Economist Mustafa K. Mujeri of the Bangladesh Institute of Development Studies called the government’s tight monetary stance “overly restrictive,” arguing it suppresses growth without easing supply-chain pressures.
The World Bank warns inflation could push three million more people into poverty by year-end unless fiscal reforms take hold.
Banking Sector on the Brink
The non-performing loan (NPL) ratio has surged to 20.2% — the highest in Asia — with defaults reaching Tk 420,335 crore ($35 billion) by March 2025, up from 16.9% six months earlier.
By December 2024, total bad loans hit nearly Tk 3.5 trillion ($82 billion) — a 137% year-on-year increase, according to Bangladesh Bank.
Ten banks, including Janata Bank and Islami Bank, account for 71% of bad debt, much of it rooted in political favoritism and poor oversight.
Collateral coverage remains dangerously low — some non-bank lenders back only 15–20% of loans. Analysts predict default rates could soon exceed 30%.
Yunus’ appointment of economist Ahsan H. Mansur as central bank governor has so far produced little improvement.
Investment Collapse and Policy Drift
Private investment has fallen to 22.48% of GDP — a five-year low and far below the 8th Five-Year Plan target of 28.2%.
Credit growth to the private sector dropped to 7.15% in January 2025, the lowest in a decade, while the policy rate (repo) stands at 10%, choking liquidity.
Foreign direct investment (FDI) halved to $1.46 billion in 2024, down from an average of $2.92 billion, as investors fled amid political unrest and US tariffs of 35% on Bangladeshi exports.
Despite Yunus’ government hosting several investment summits, results have been symbolic: C$2.9 billion in Chinese pledges yielded little tangible inflow.
From Reformer to Crisis Manager
Yunus entered office promising reform. Instead, critics say his administration has been consumed by political vendettas — prioritizing probes into former Prime Minister Sheikh Hasina’s allies while shielding his own inner circle.
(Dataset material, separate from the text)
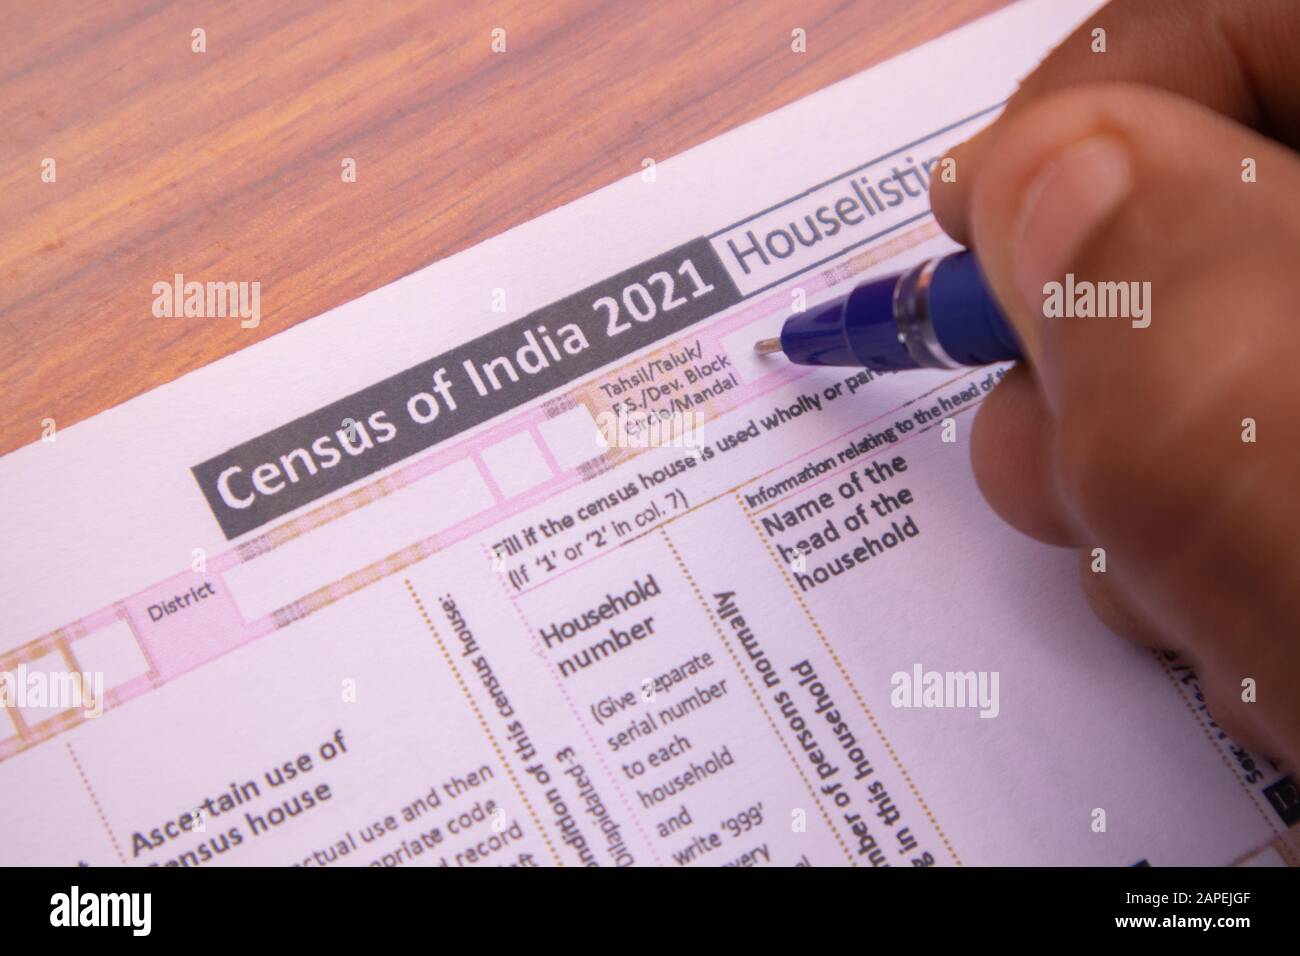 Maski, Indien 18. Januar 2020 - Nahaufnahme der Hände Ausfüllen des Formulars Census of India 2021 oder NPR bei House for Population Register in indien. Stockfoto

Though $17 billion in siphoned assets have been recovered, new corruption allegations plague senior appointees.
VAT hikes on 100 essential items have intensified inflation, while delayed elections — now likely in late 2025 or 2026 — have heightened investor anxiety.
Economist Mustafizur Rahman has denounced the “stagnant financial sector,” arguing that “six months of reform have delivered almost no results.”
Human Cost
Behind the numbers lie human stories of despair.
In Ashulia, 32-year-old garment worker Raimoni Bala fears losing her job as her rent climbs and meals shrink. Recent graduates scour job listings in vain. Youth unemployment among women now makes up two-thirds of NEETs (Not in Employment, Education, or Training).
The World Bank estimates three million more Bangladeshis could fall into poverty by 2025.
Meanwhile, the nation’s elite — many aligned with Yunus’ circle — remain insulated from the storm.
A Vanishing Decade of Progress
Two decades of economic gains appear to be unraveling. GDP growth has slipped from 5.8% in FY2023 to 3.9% in FY2025, while inflation, joblessness, and debt threaten to erase the foundations of Bangladesh’s middle-class rise.
“The economy has largely stagnated due to high inflation and slow financial growth,” said one senior economist.
As factories close and families struggle to afford eggs and rice, Bangladesh’s crisis deepens — a nation once hailed as South Asia’s development model now teetering on the edge of systemic collapse.